- Opening Delimiter -

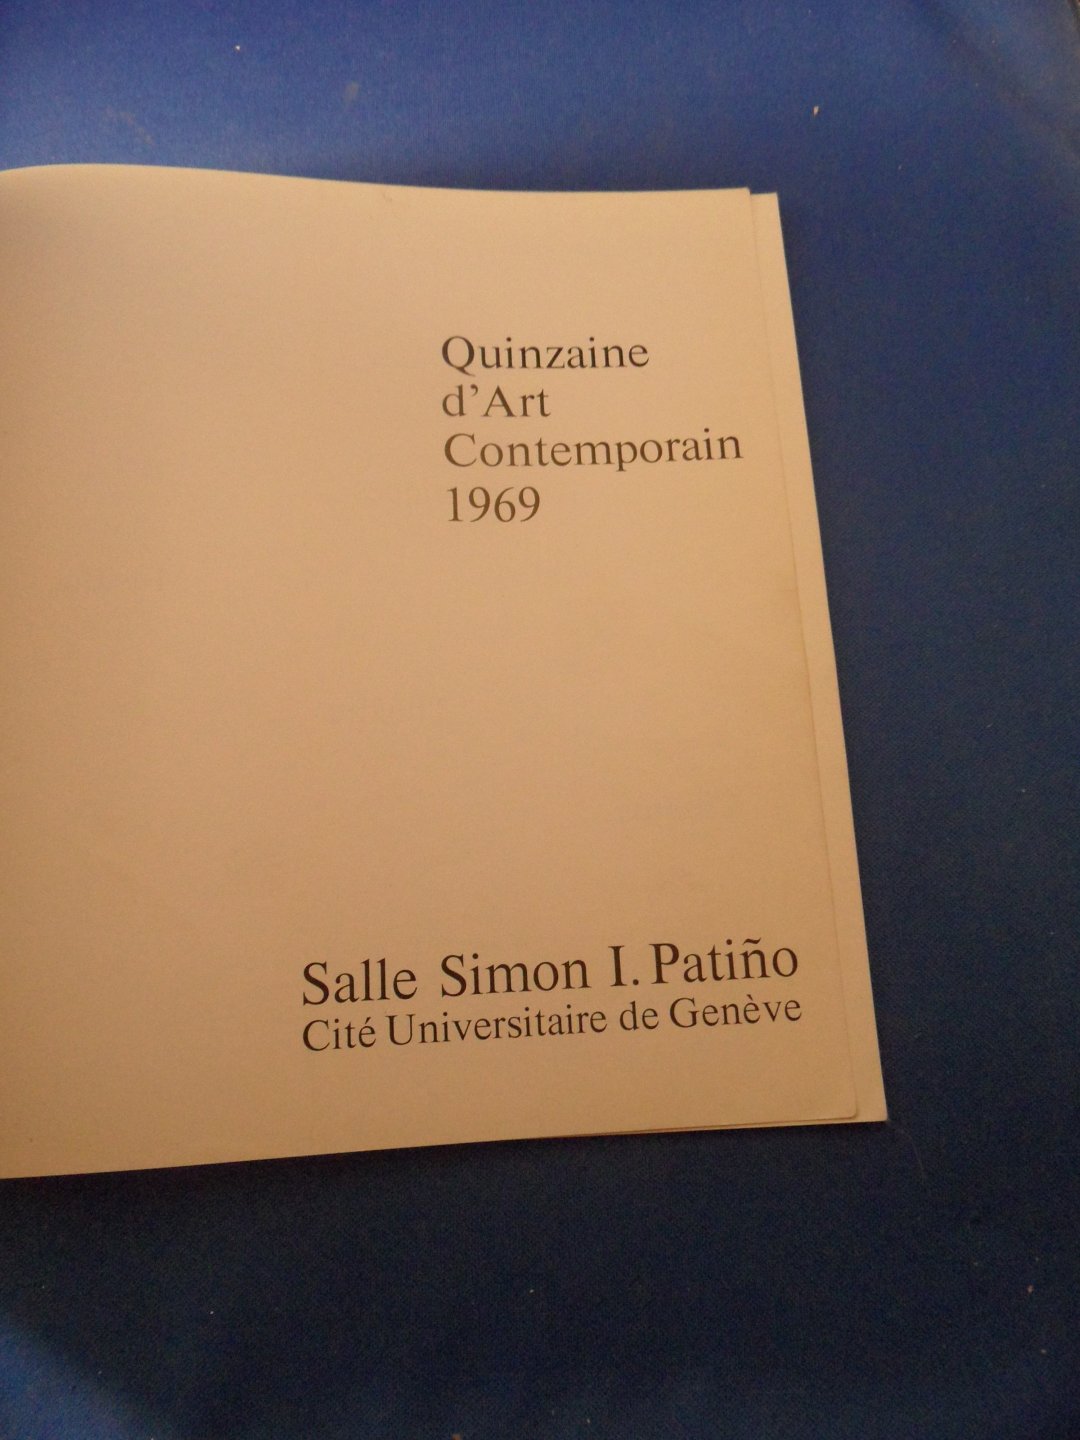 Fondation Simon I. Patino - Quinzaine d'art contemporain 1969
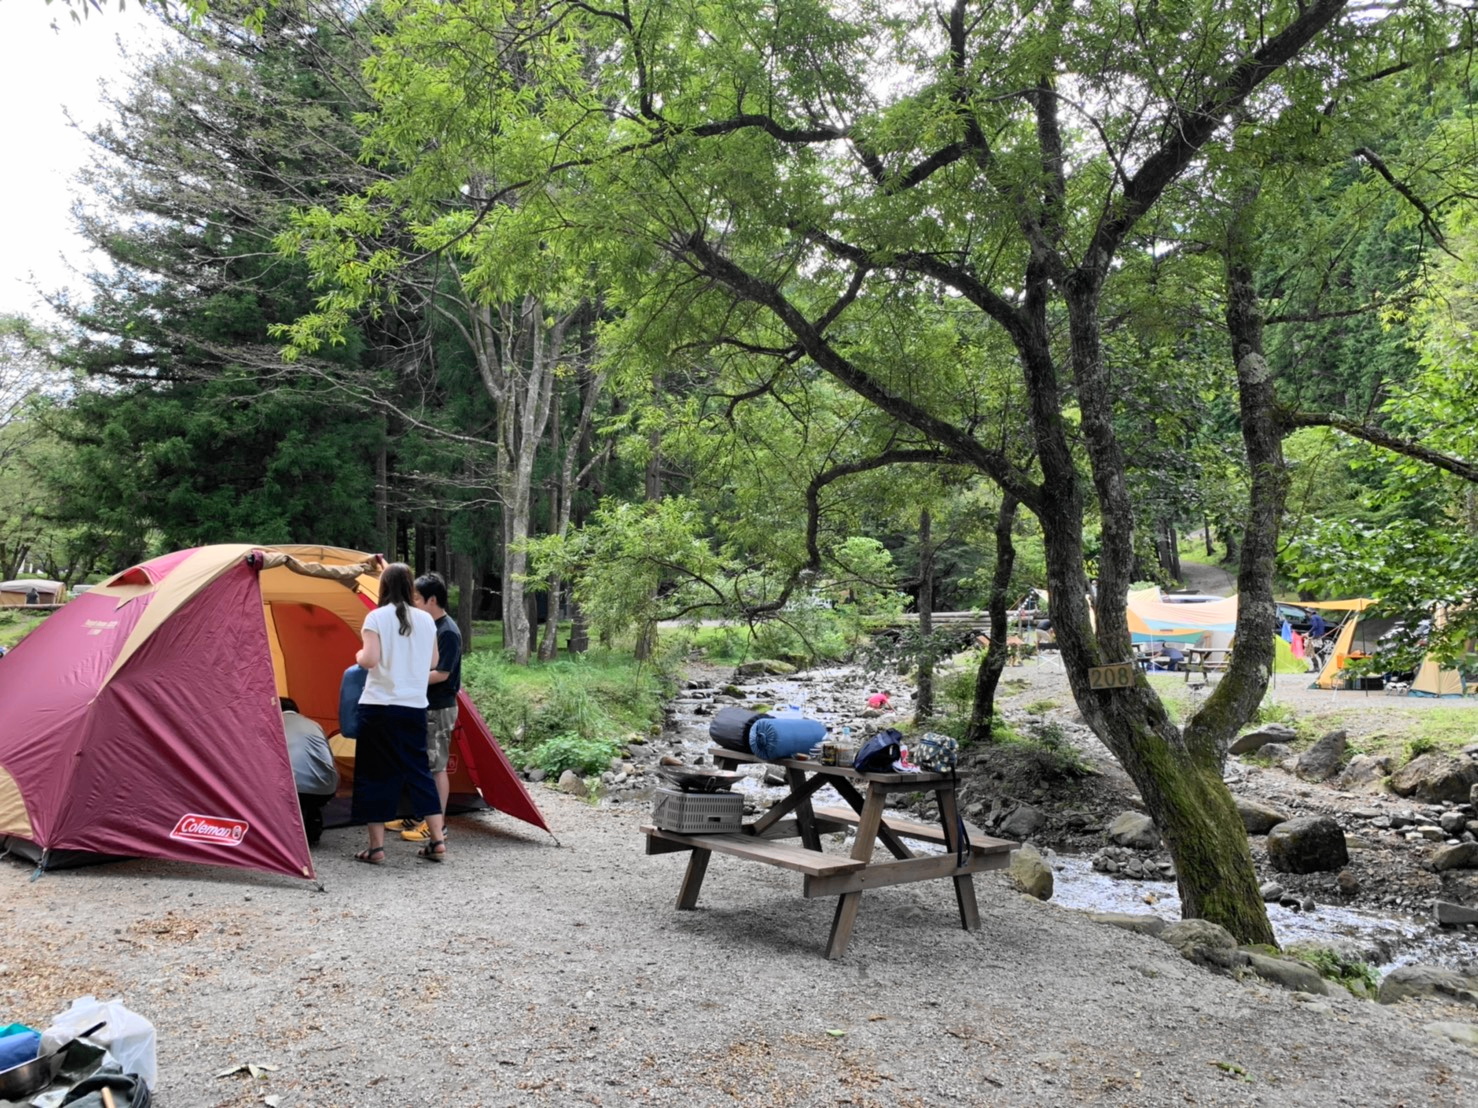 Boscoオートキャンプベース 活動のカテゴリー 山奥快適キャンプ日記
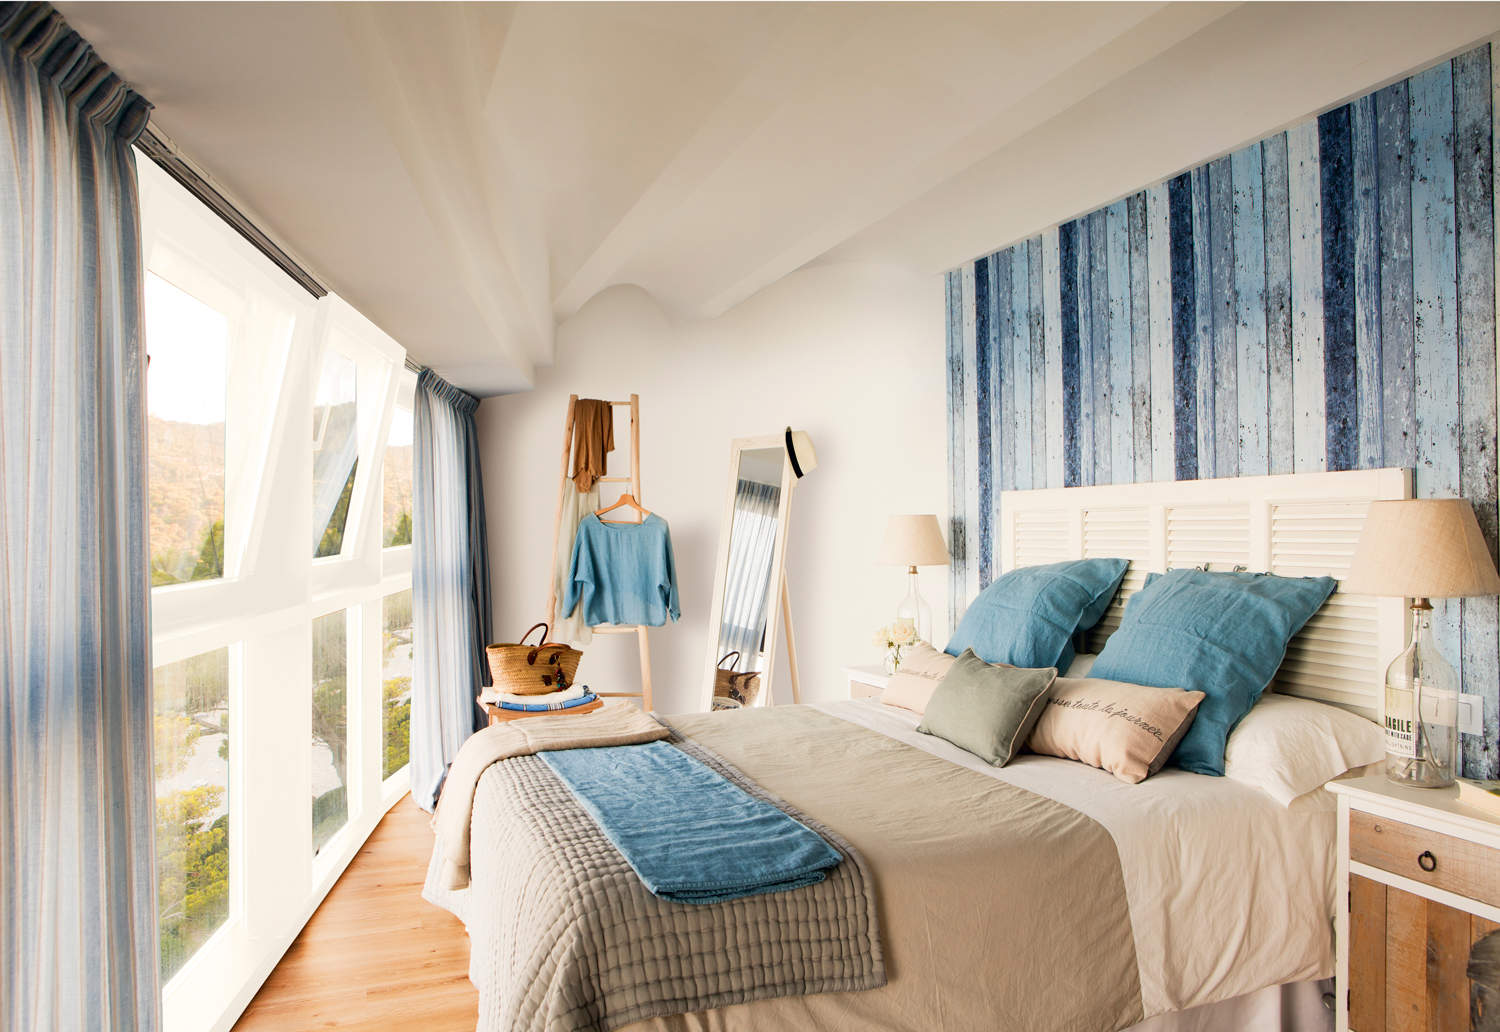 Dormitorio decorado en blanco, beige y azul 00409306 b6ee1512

- Closing Delimiter -

### EXERCISE
Quote the material exactly. Pictures stay out.

### REPLY
 Fondation Simon I. Patino - Quinzaine d'art contemporain 1969
 Boscoオートキャンプベース 活動のカテゴリー 山奥快適キャンプ日記
 Dormitorio decorado en blanco, beige y azul 00409306 b6ee1512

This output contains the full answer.